Moses Lake, WA 98837, USA

Soil science: A look into what one soil scientist does

By RACHAL PINKERTON
Staff Writer

YAKIMA — Behind every farmer is a team. That team includes family, friends, crop advisers and a host of other support members. One of those support members is a soil scientist.

Leslie Michel is a soil scientist with the Washington State Department of Agriculture. Her job is to work with farmers to help them improve their soil health.

“The goal is to improve soil health to help reduce long-term risk,” Michel said. “I do that mostly through cover crop practices. That is historically what I worked on.”

There are four main principles for soil health: increase the amount of time the soil is covered; increase the number of living roots in the soil; grow a diverse number of crops; and minimize disturbance to the soil. Some people, including Michel, like to incorporate livestock as well.

“Essentially my job is to help farmers figure out how to incorporate those principles into their operations, hopefully with economics in mind,” Michel said. “We like this to be economic. Sometimes that is really hard in the short term.”

In addition to working with farmers, Michel also works with conservation districts, Washington State University, non-profits and, occasionally, with the Department of Ecology.
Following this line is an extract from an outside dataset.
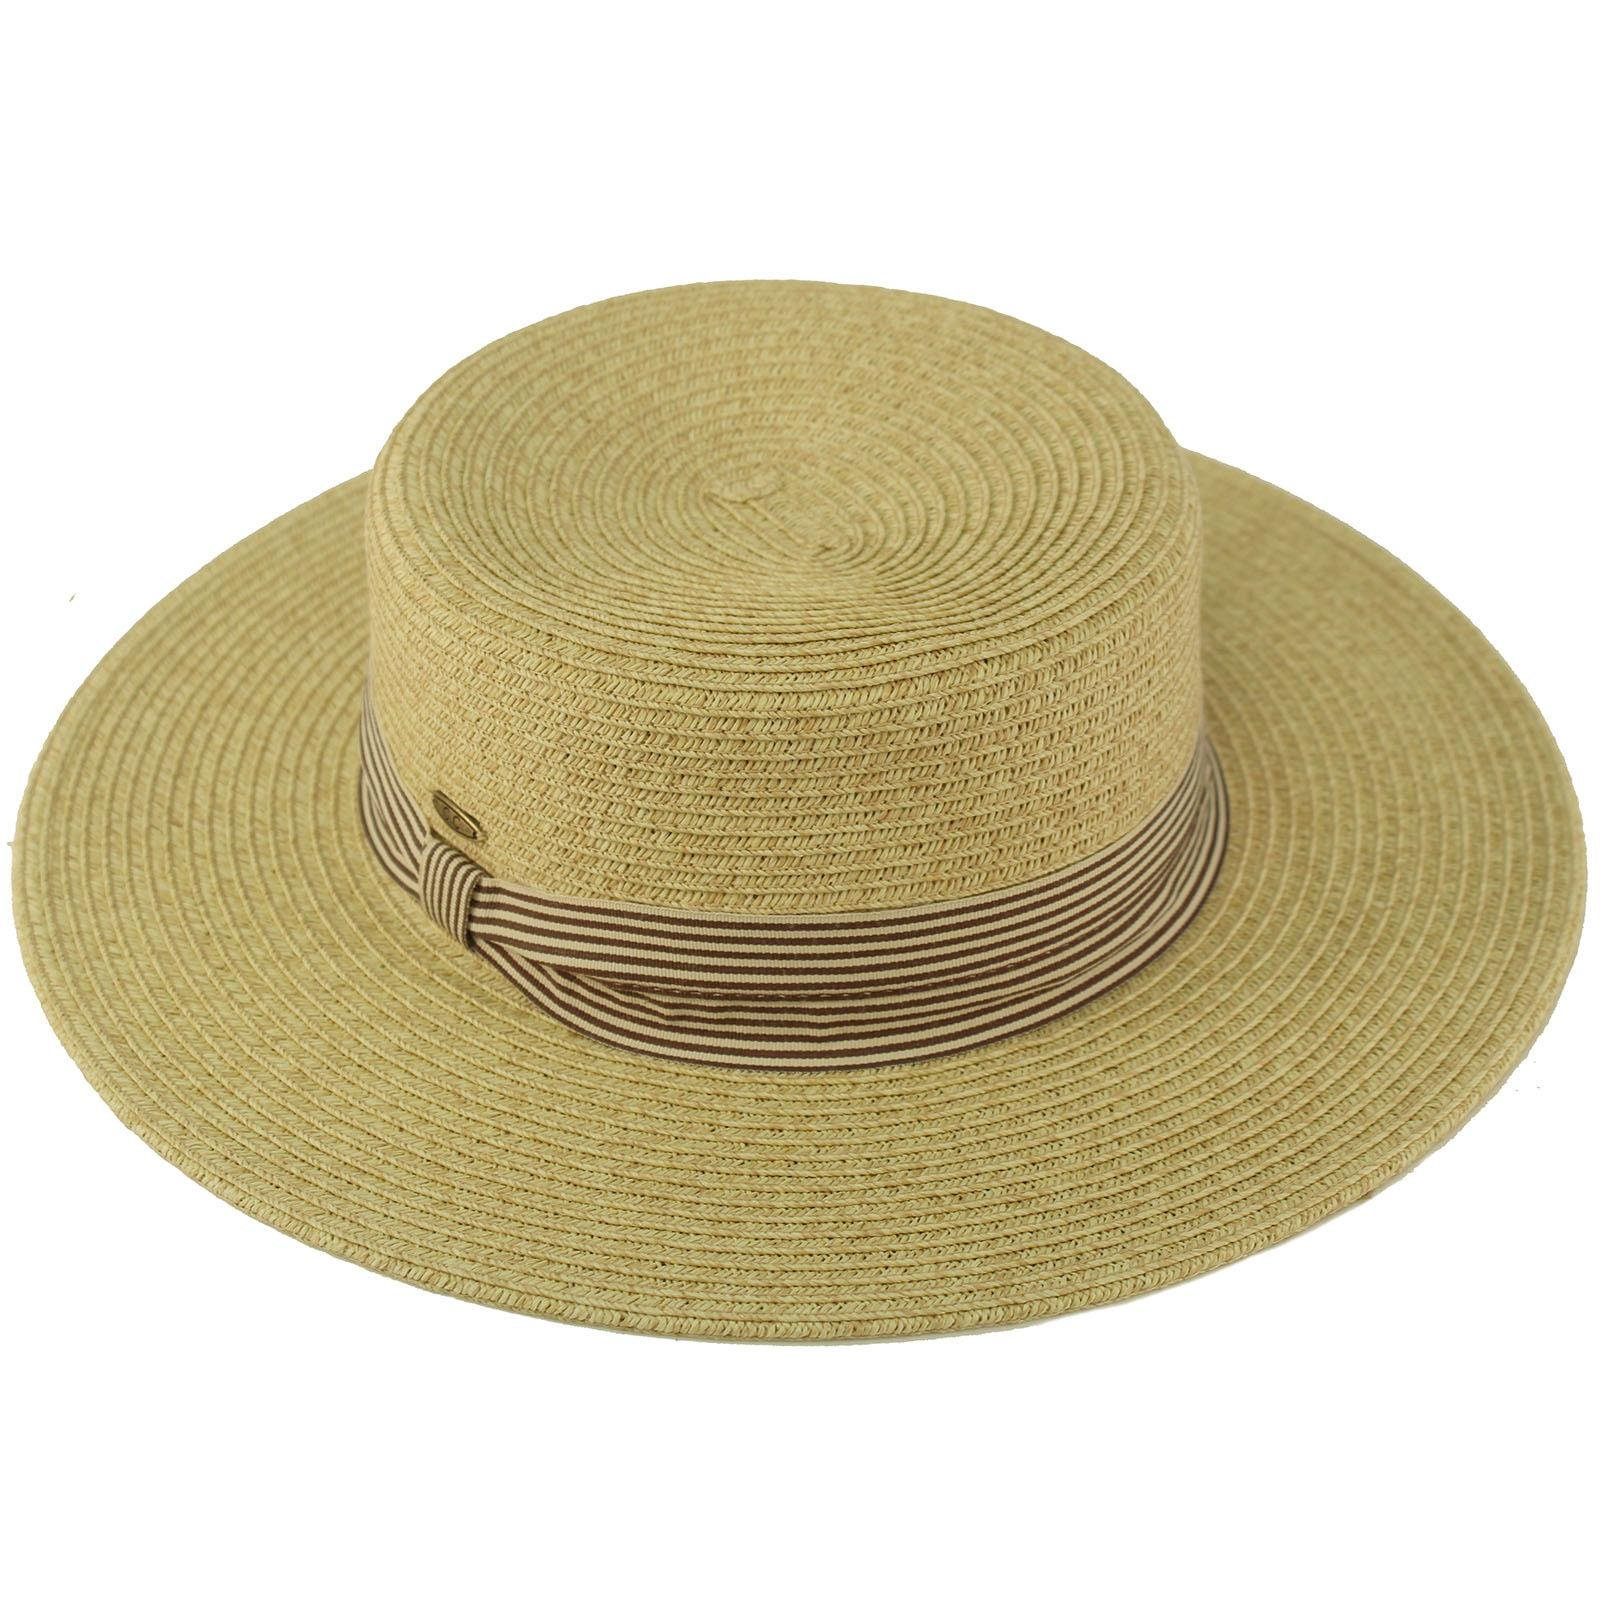 C.C Unisex Grosgrain Band Wide Porkpie Boater Derby Flat Top Fedora Sun Hat Lt. Natural/Brown Stripe

Her job is to build partnerships where conversations about soil health can be held. She also helps farmers get funding, resources and the information they need in the area of soil health.

In a previous job with a conservation district, Michel managed large cover crop trials in dry land wheat.

“We were looking to see if cover crops were a feasible option,” Michel said. “People learned a lot through this study. They are continuing to use cover crops in dryland wheat. But it doesn’t look like what we studied a few years ago.”

While Michel specializes in cover crops, other soil scientists specialize in other areas.

“There’s all spectrums of soil scientists,” Michel said.

Michel spends little time in the lab analyzing the soil itself. Instead, she concentrates on working with farmers.

“They’ll send off their soil samples,” Michel said. “I don’t even provide lab recommendations. They have a certified crop adviser for that.”

However, she does carry her favorite shovel with her when she goes out to a field.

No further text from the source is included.